Little Lincolns: Titus Andronicus Will Be Heard

Patrick Stickles and his merry men ape the Boss and other founding fathers.

Patrick Stickles is a voracious singer and guitarist who gobbles up vast chunks of indie rock, Western history, and pop culture to fuel his lyrics. Riddled with varied references and swaggering with a ragged grandeur, the band’s ambitious second album, The Monitor, hooks into the parallels between the blue-vs.-gray America forced into the Civil War and today’s red-vs.-blue successor. Now more than ever, as Stickles sees it, a battle rages for the identity of our country.

“If destruction be our lot, we ourselves must be its author and finisher”: This quote from Abraham Lincoln leads off the album’s seven-minute opener, “A More Perfect Union.”

“A More Perfect Union” is a bustling thesis, moving on from Lincoln and nods to various Jersey landmarks to “The Battle Hymn of the Republic” and a whooping chorus that screams “The enemy is everywhere.” It’s a bold linking of past, present, and—as hinted by Stickles’ paranoid, strangled delivery—the future.
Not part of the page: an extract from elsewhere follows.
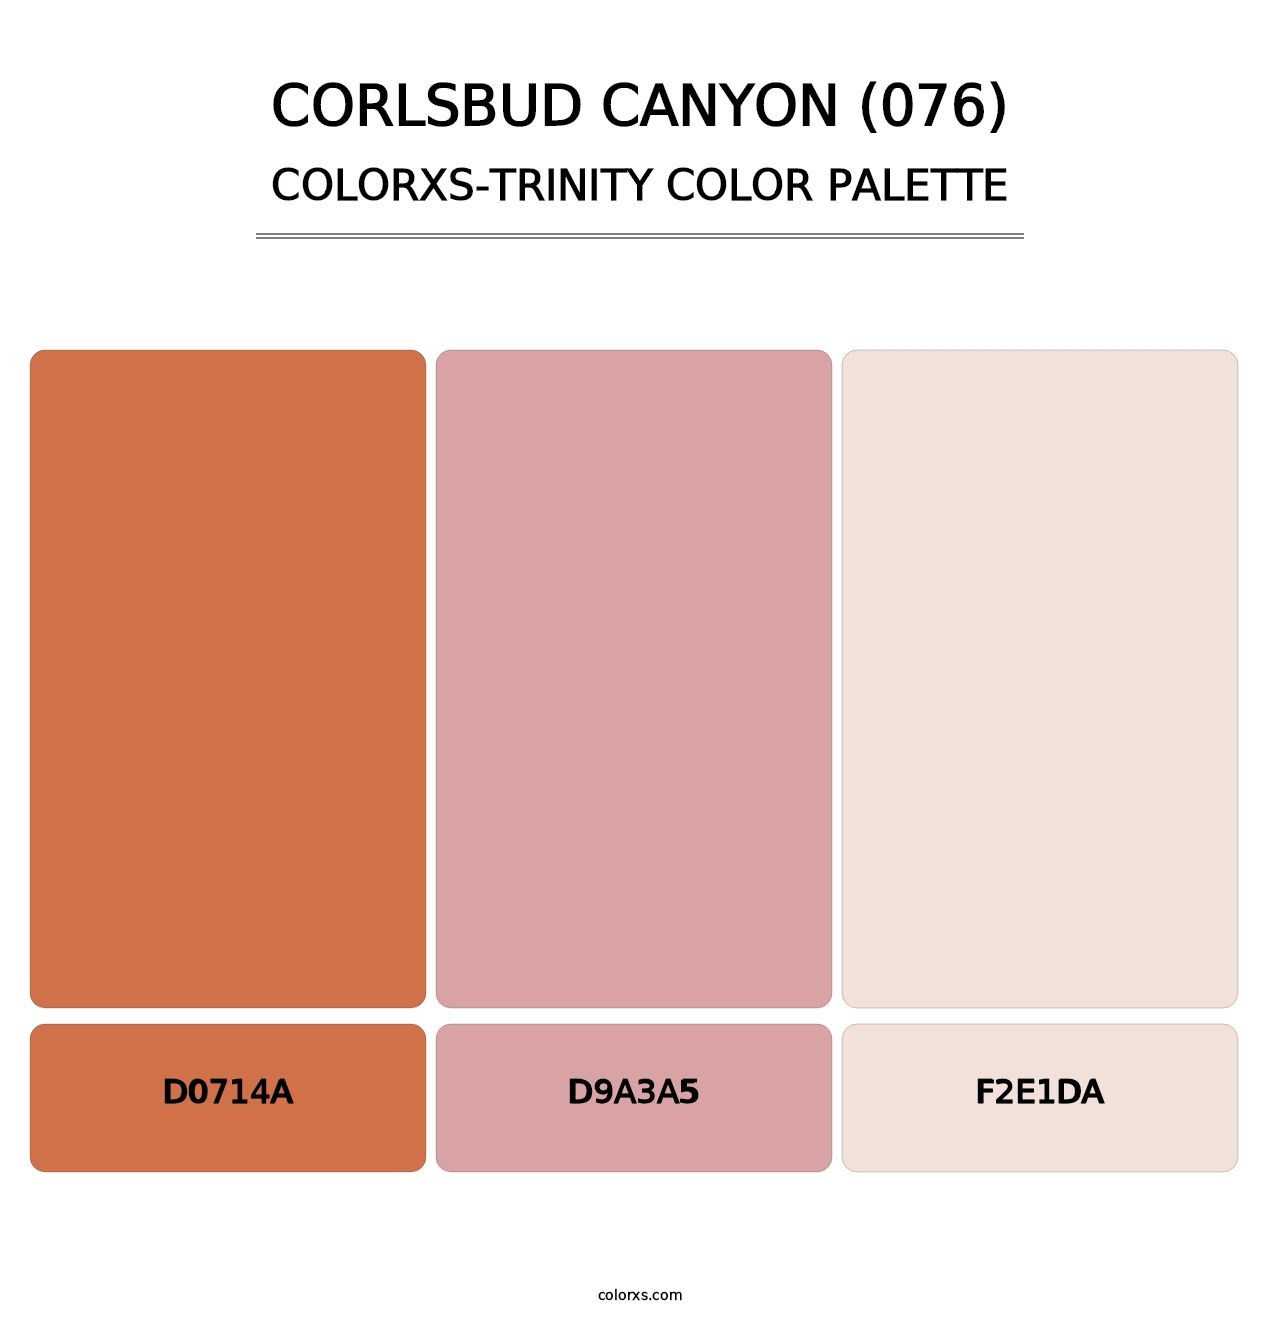 Corlsbud Canyon (076) - Colorxs Trinity Palette

If that reads like a downer, it’s not.

“We don’t want to be taken too seriously,” admits Stickles in a recent phone call. “You’ve gotta laugh. We don’t want people to think we’re these dour, frowning characters, even though we take our music and our themes rather seriously. It can’t all be doom and gloom.”
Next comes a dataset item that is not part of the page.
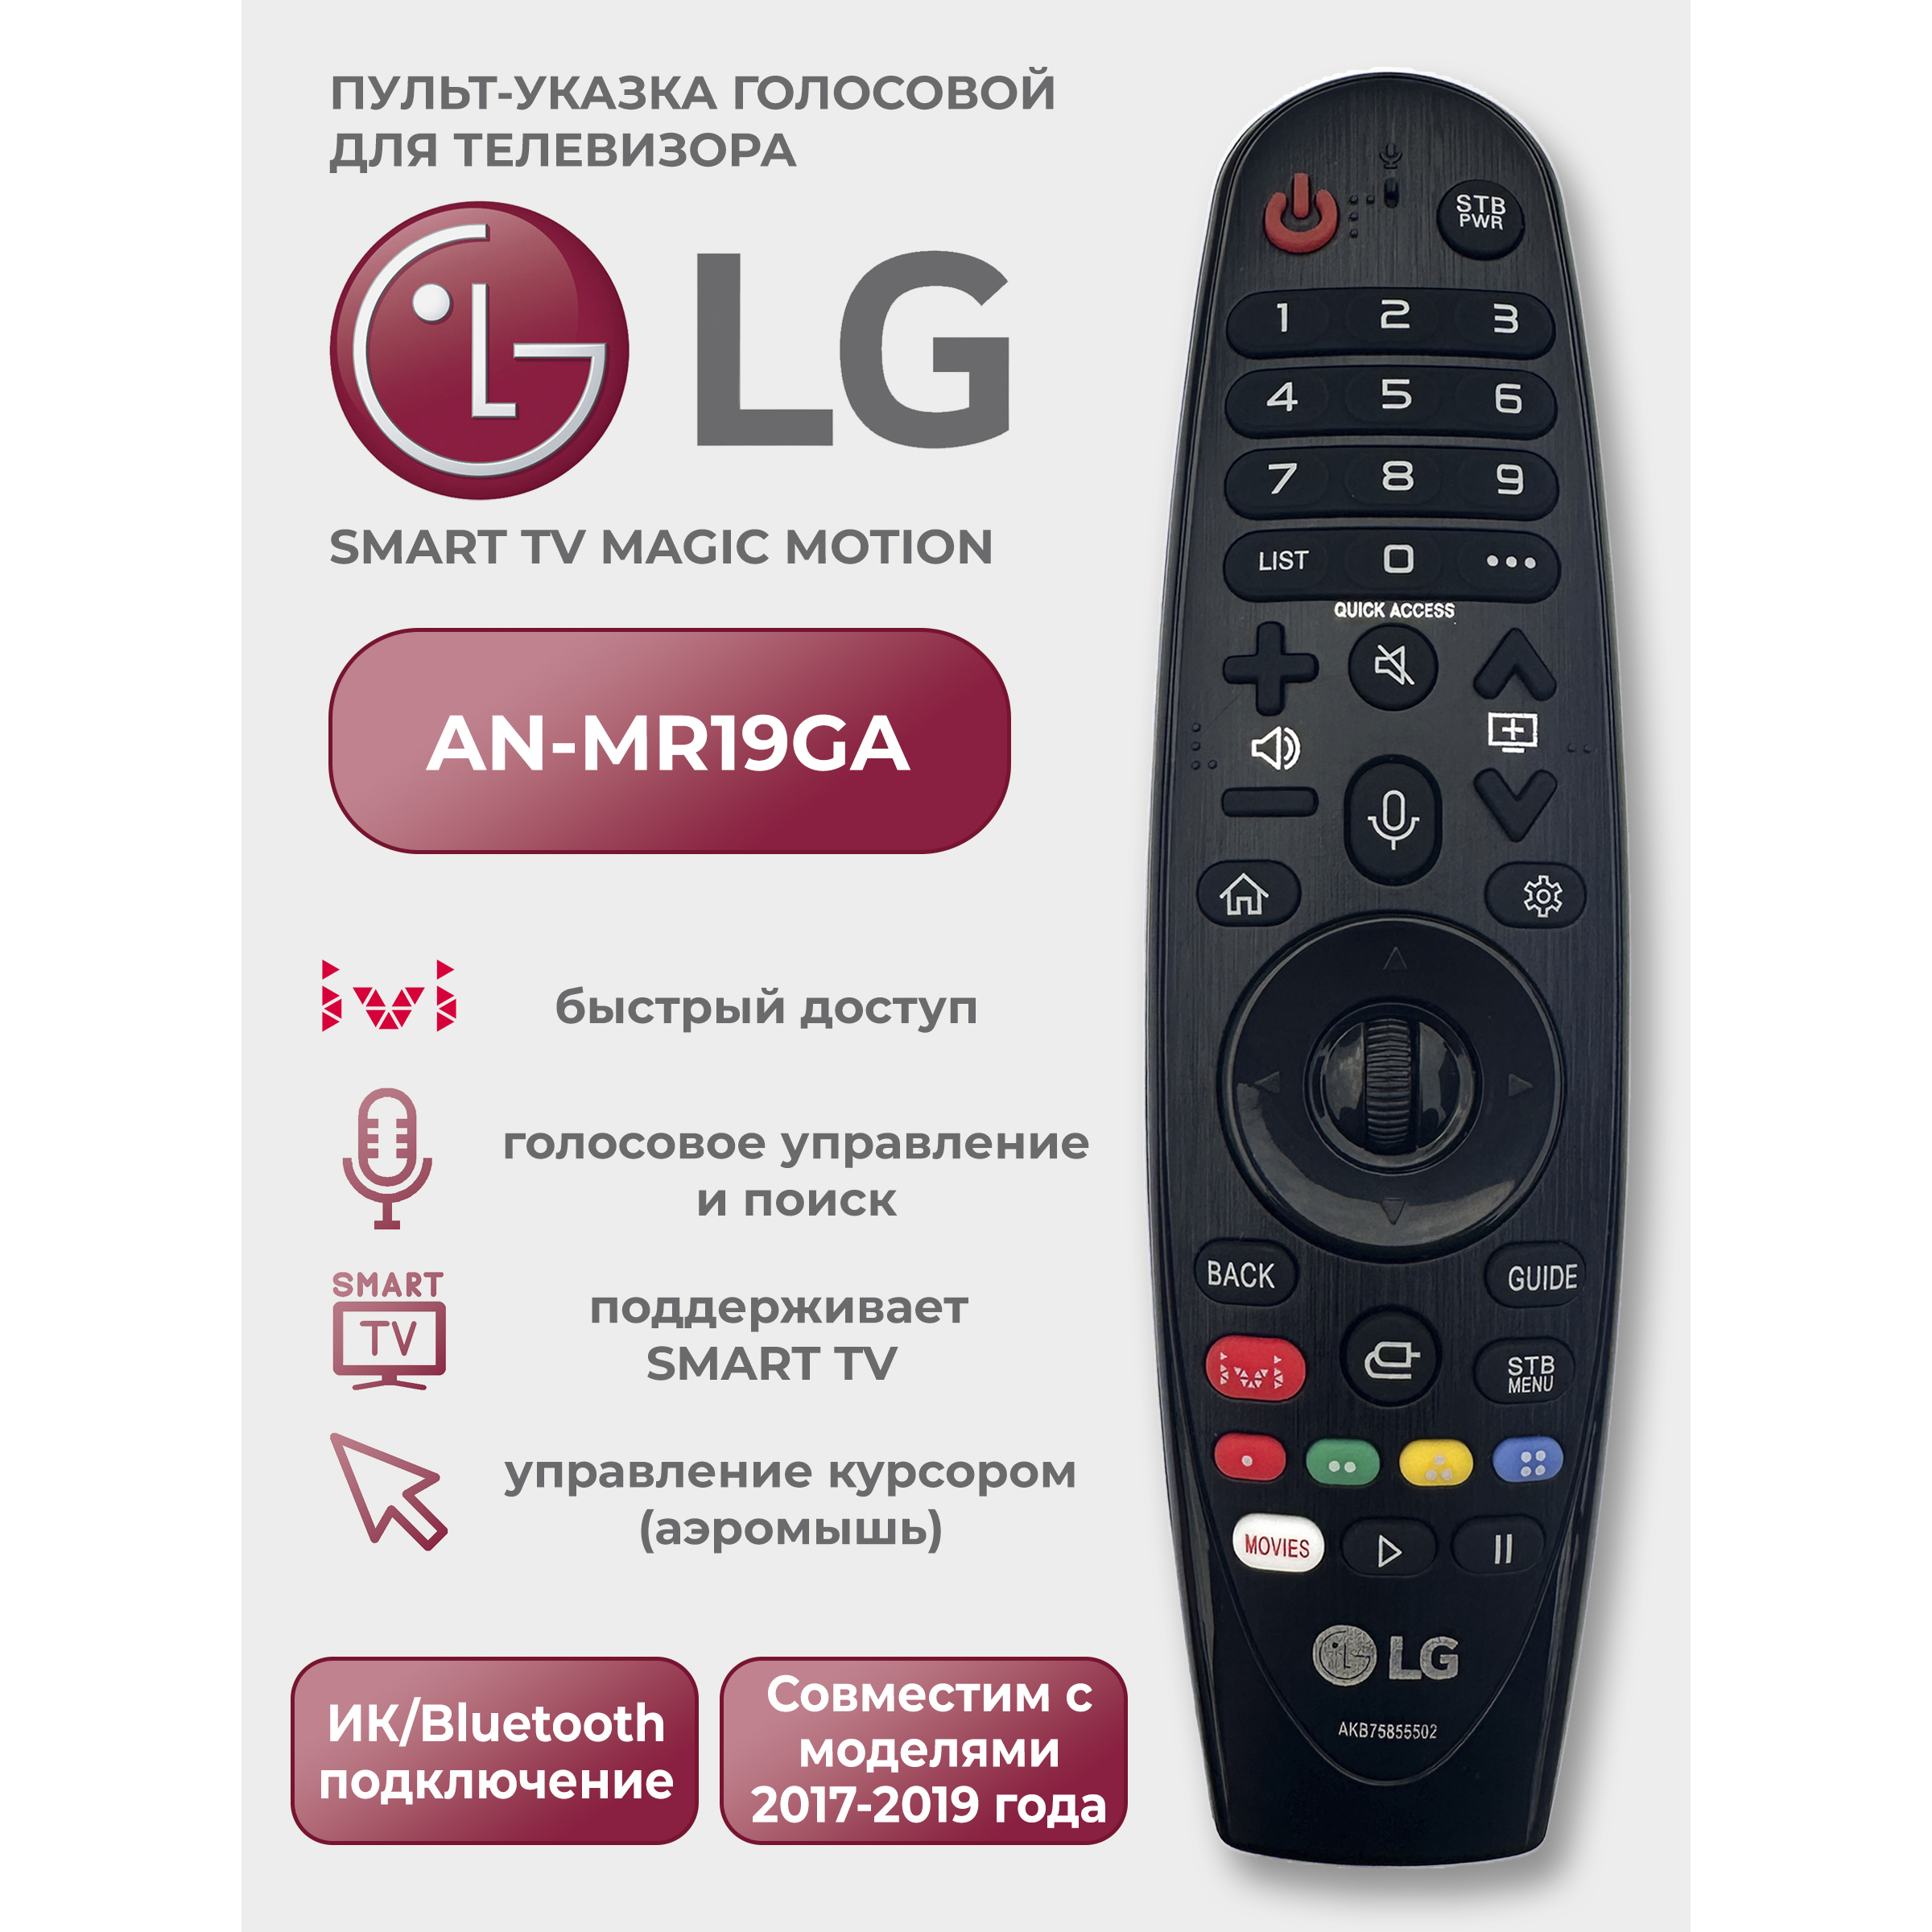 Пульт ду LG Smart TV Magic Motion AN-MR19BA

Still, on “Four Score and Seven” Stickles lashes out at mankind’s capacity for cruelty, presumably referring to a modern America where a wealthy few trample over the impoverished masses: “It’s still us against them,” Stickles cries at the song’s conclusion, “and they’re winning.”

Far from defeatists, Titus Andronicus is more rousing and careening than most indie-rock bands. Spiking Stickles’ hungry songwriting with a pub-punk grit and enlisting from The Hold Steady, Vivian Girls, and Ponytail bolsters The Monitor‘s outsized, falling-down vibe.

As for that struggle for America’s future, Stickles isn’t as pessimistic as he sometimes sounds on The Monitor. “If we didn’t think this world was full of great possibilities,” he offers, “there’d be nothing to really be that angry about.”